The unknown risks - all developers intuitively should know this unless they are very new. Stuff like "this will work, but not effort is going in to how to scale this up later", or "this requires digging up some old code no one has touched for ages, which could explode the time estimated if it is hard to understand that code or refactor it".

> Yikes, that's toxic!

We have a problem where there isn't ever a mild criticism or offering a different perspective. Just because you don't see the world your way, doesn't mean that others are toxic.

I think this is serious problem and should be reflected upon. Sometimes to push your perspective, it starts with considering other perspectives with good intentions. May be people will listen to you.

And that's precisely why 'spikes' or 'POCs' exist. It's way more common to not have all the answers if you are working on anything remotely interesting. There should be some time to explore solutions. In even more interesting cases, solving the unknowns is the entire project.

It seems that the author has never encountered the "research" side of R&D.

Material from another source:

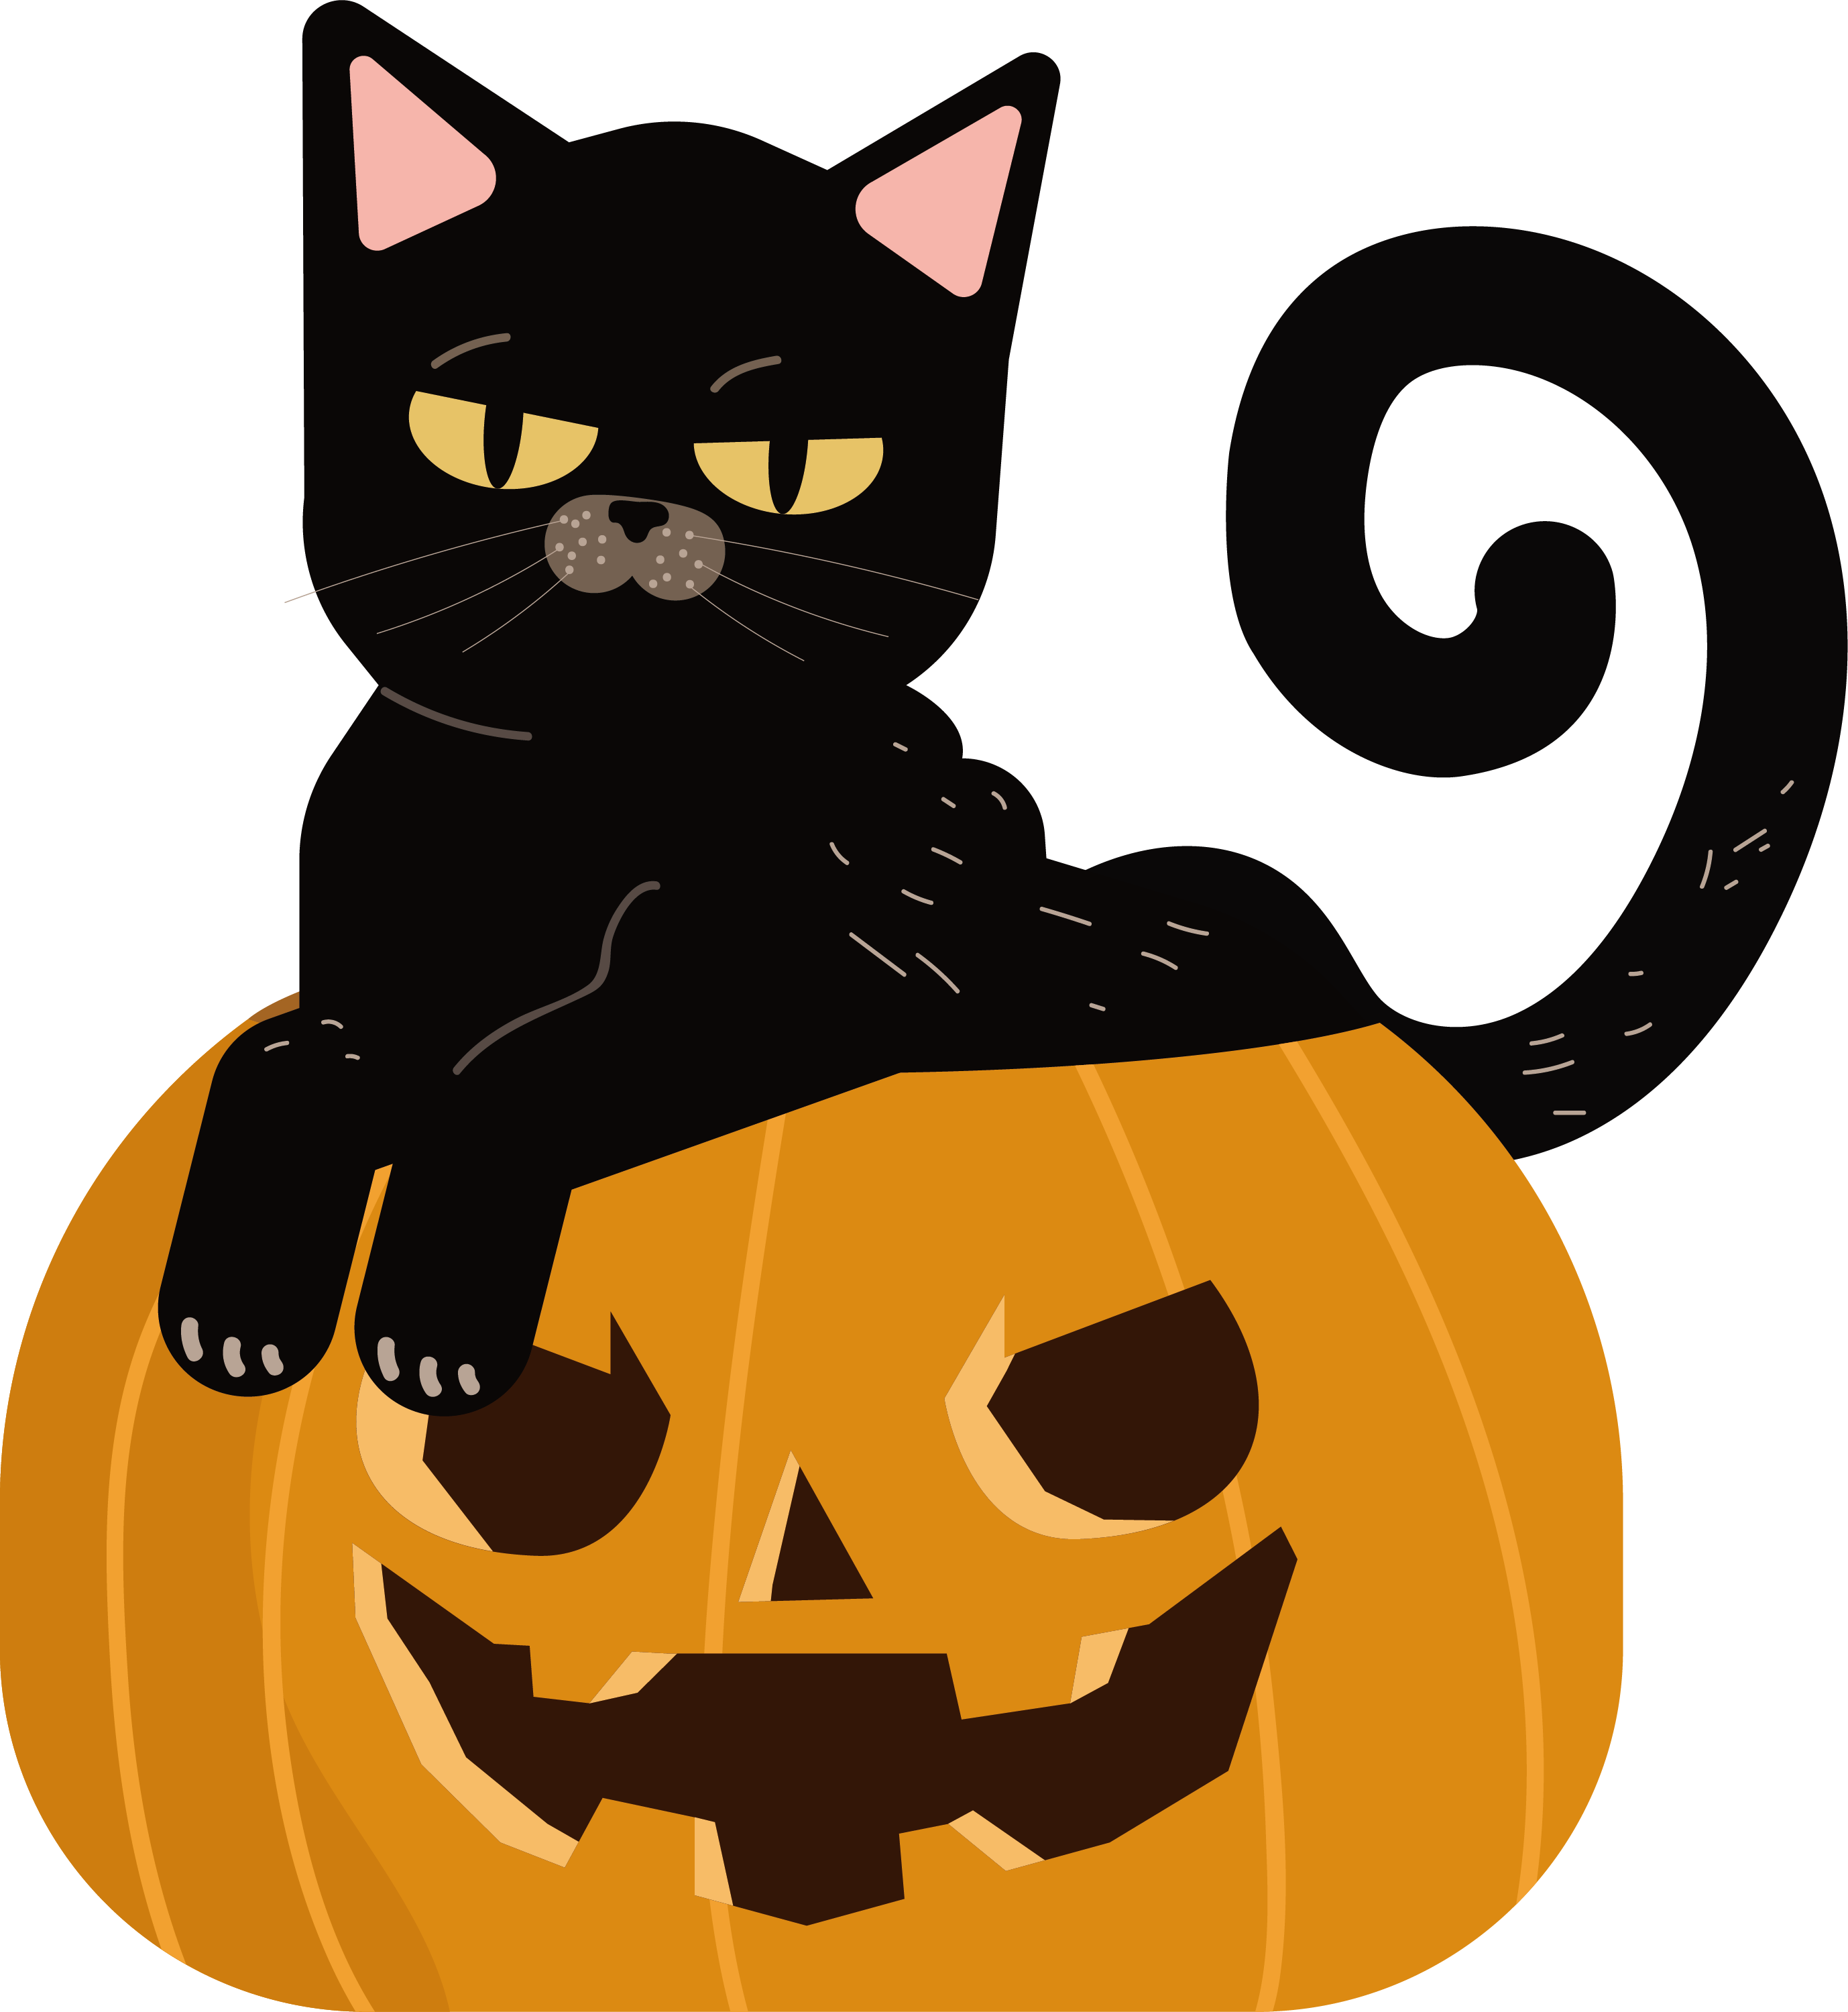 A Black Cat Sitting On A Pumpkin

Where does the article imply that seniors don’t do research? How exactly do you expect that anyone can know these things without doing research? The point of the article is that juniors jump into the work without doing the research to figure these things out, while seniors take the time to figure these things out. Sure, maybe they can do that quickly based on experience, but I don’t think the article implies that seniors don’t do research.
Having a plan B for things is a bit silly sometimes. If you need to parse some data, your plan A is to write a parser, and your plan B is...to write a parser in a slightly different way? Pair program as you write the parser? That's not really plan B, it's just redoing plan A if you mess up.

Plan Bs make sense for external dependencies, but for internal work they imply your current solution has feasible alternatives, which is often nonsensical.